◆ **DESCRIPTION OF THE TASK**
What follows is a listing to transcribe exactly, leaving the pictures out.

◆ **RAW DATA**
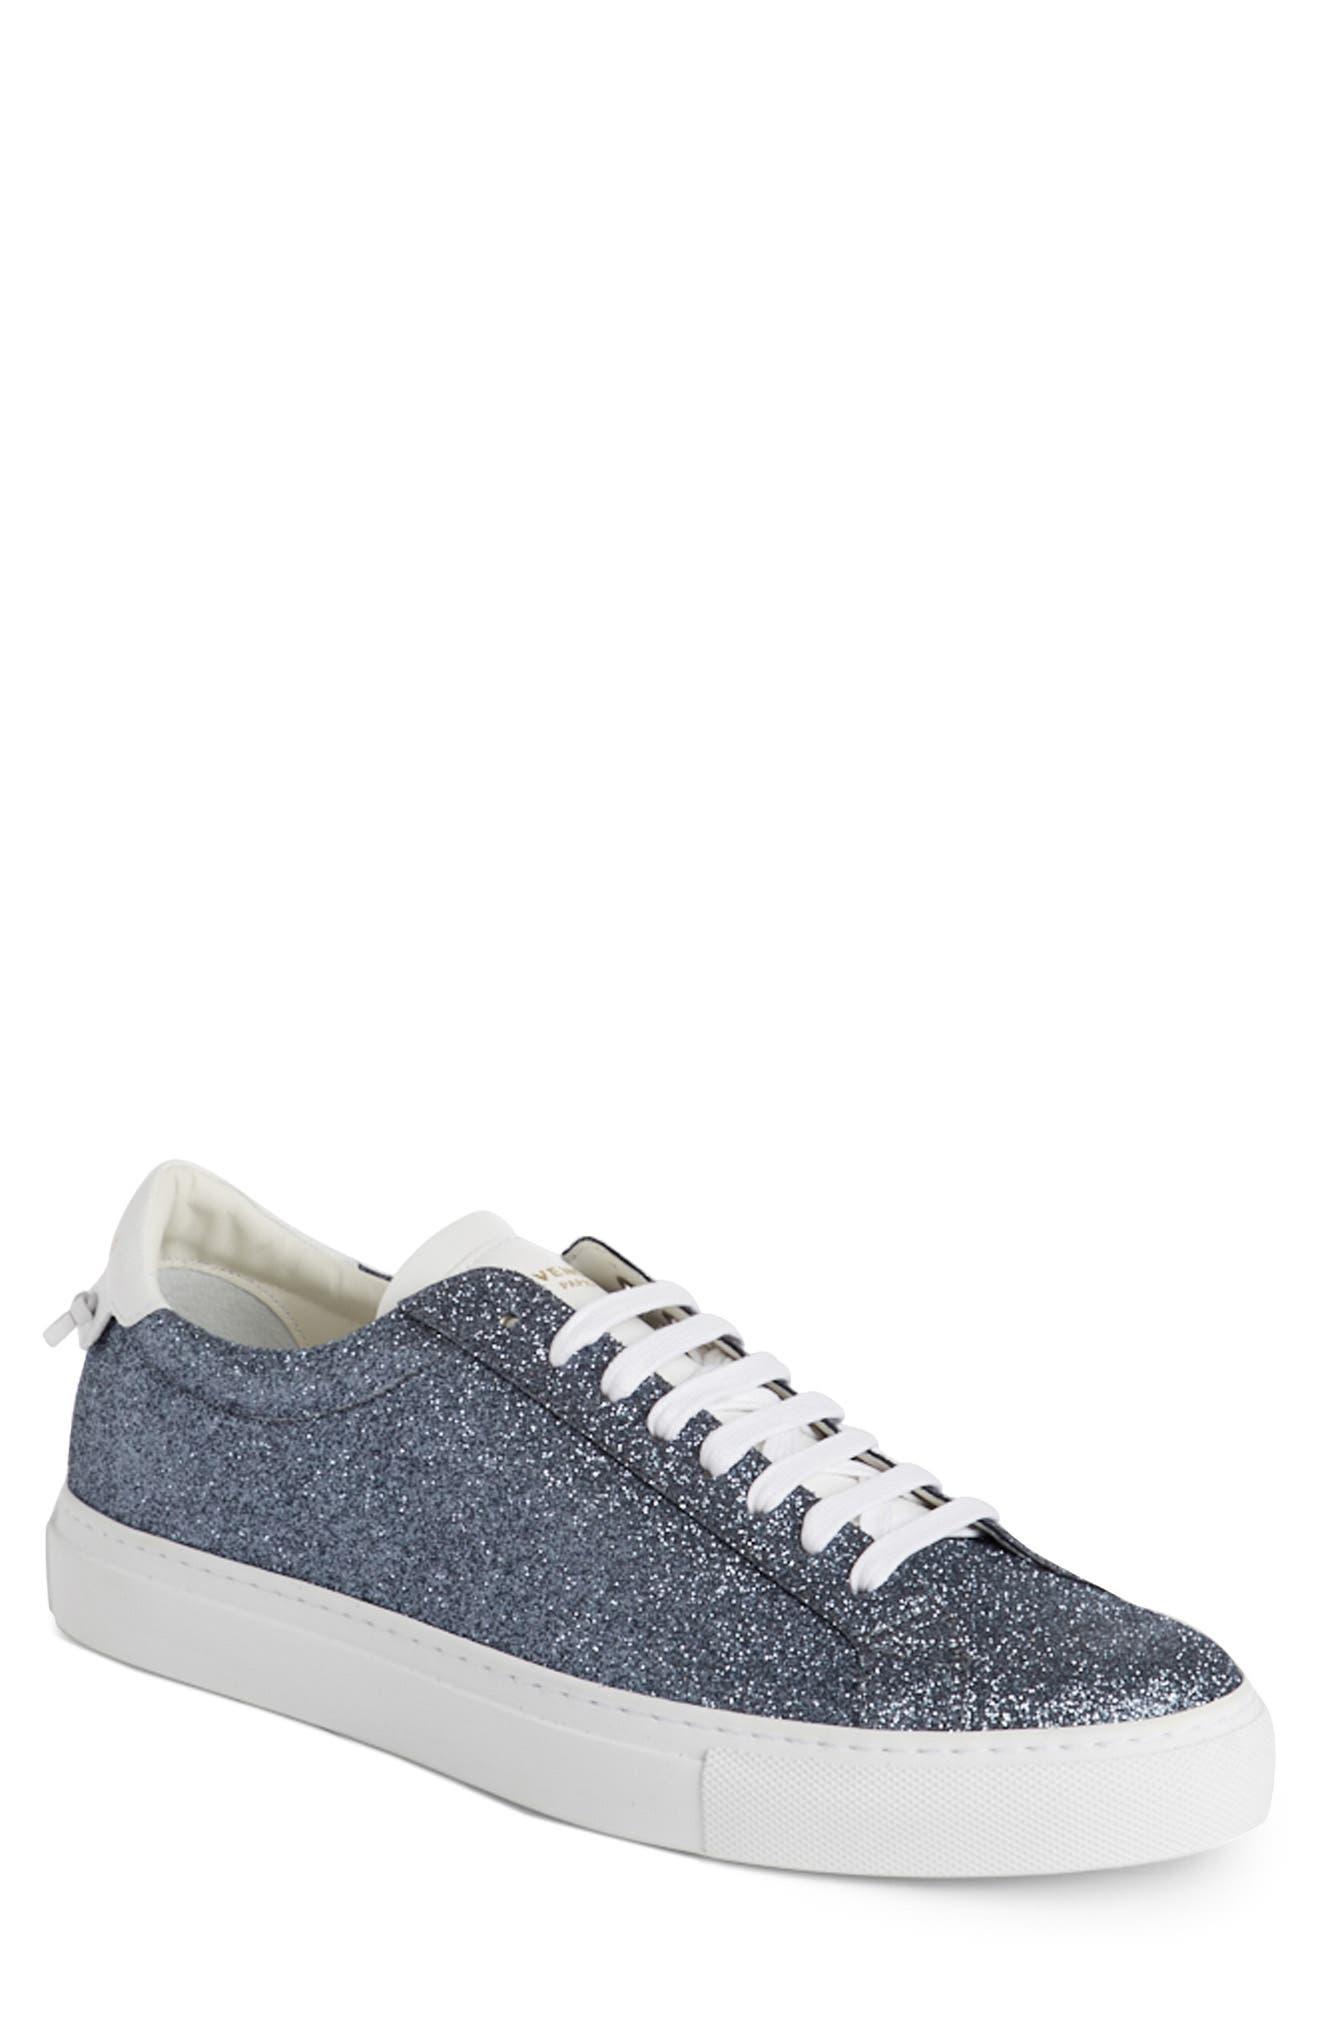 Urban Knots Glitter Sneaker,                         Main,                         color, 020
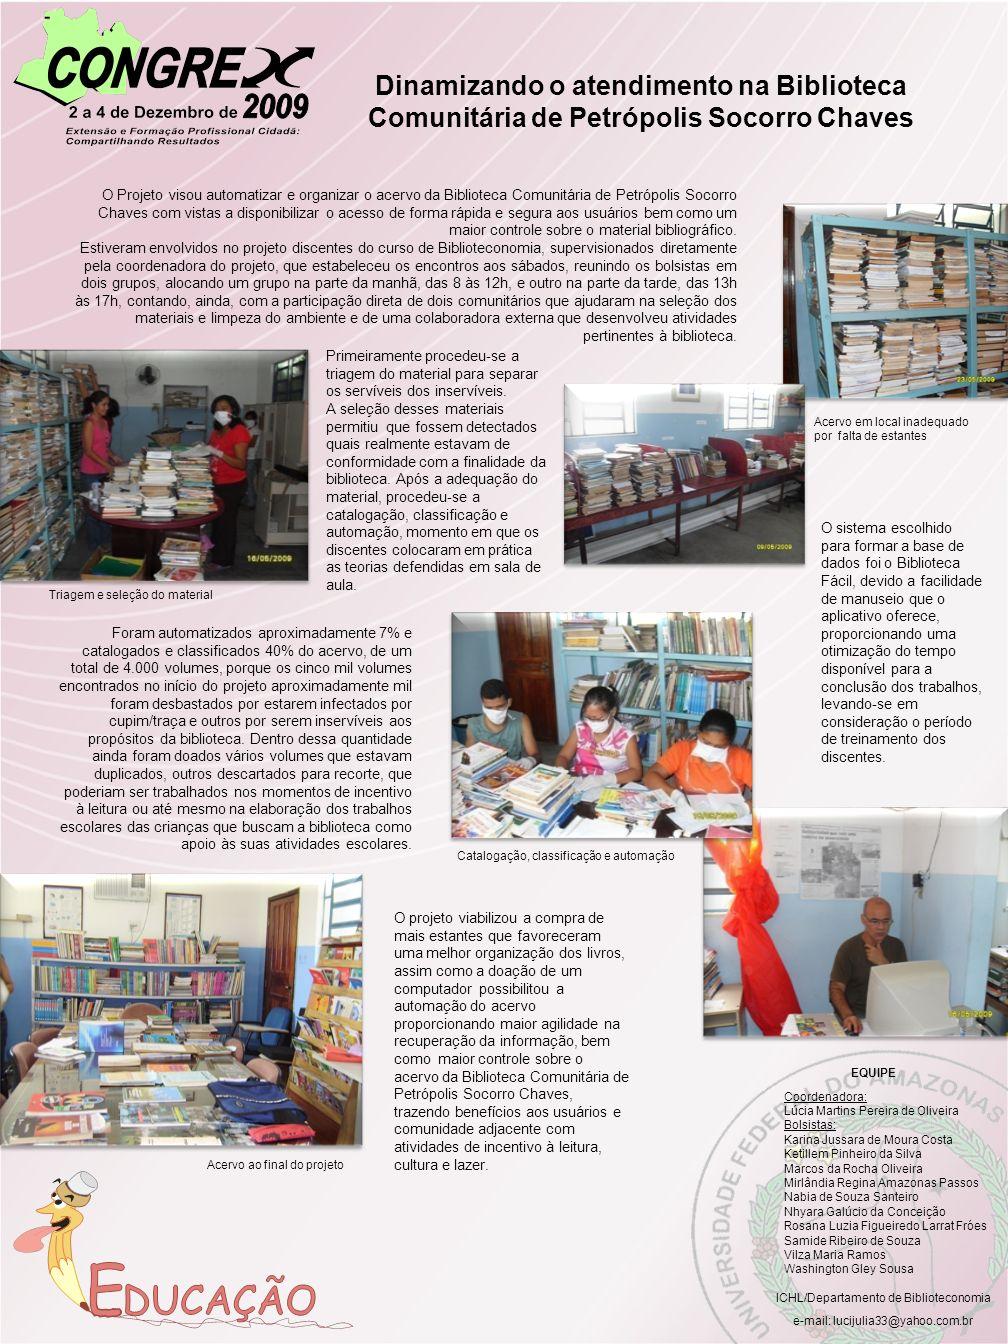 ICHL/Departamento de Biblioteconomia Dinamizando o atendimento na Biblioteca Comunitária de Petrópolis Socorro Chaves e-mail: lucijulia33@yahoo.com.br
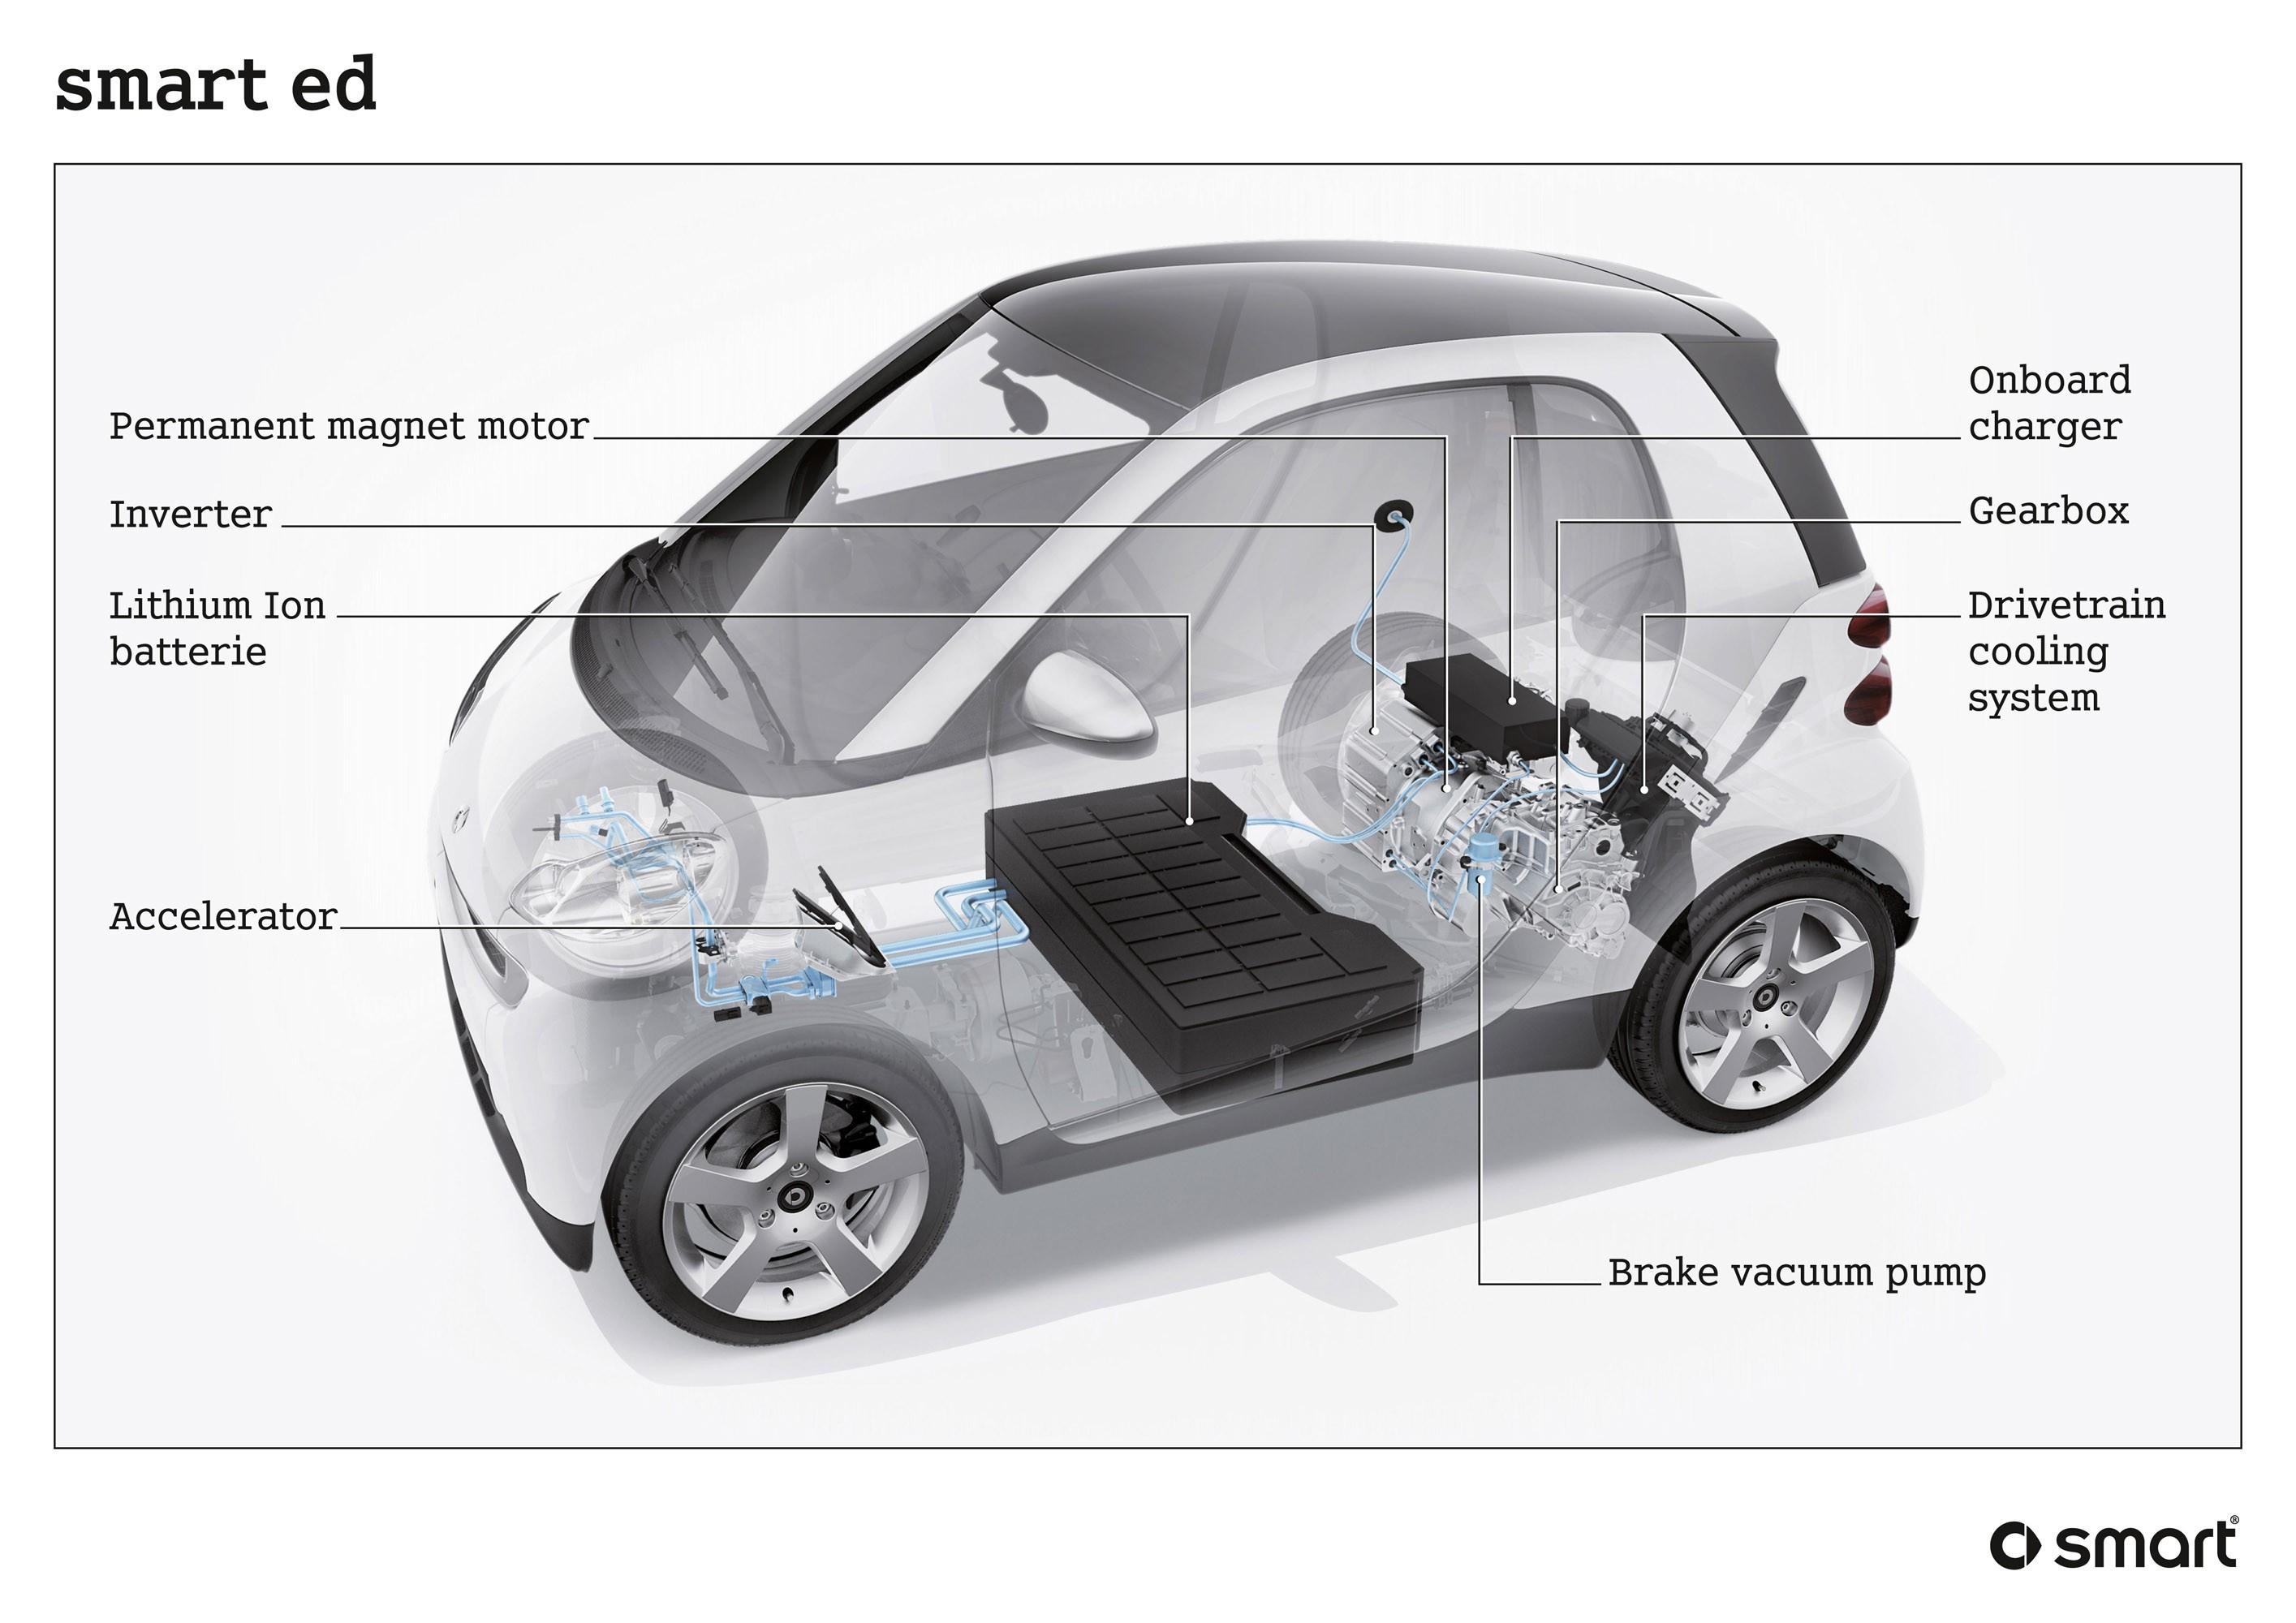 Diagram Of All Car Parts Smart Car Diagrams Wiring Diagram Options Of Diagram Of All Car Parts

◆ **SOLUTION TO THE PROBLEM**
 Urban Knots Glitter Sneaker,                         Main,                         color, 020
 ICHL/Departamento de Biblioteconomia Dinamizando o atendimento na Biblioteca Comunitária de Petrópolis Socorro Chaves e-mail: lucijulia33@yahoo.com.br
 Diagram Of All Car Parts Smart Car Diagrams Wiring Diagram Options Of Diagram Of All Car Parts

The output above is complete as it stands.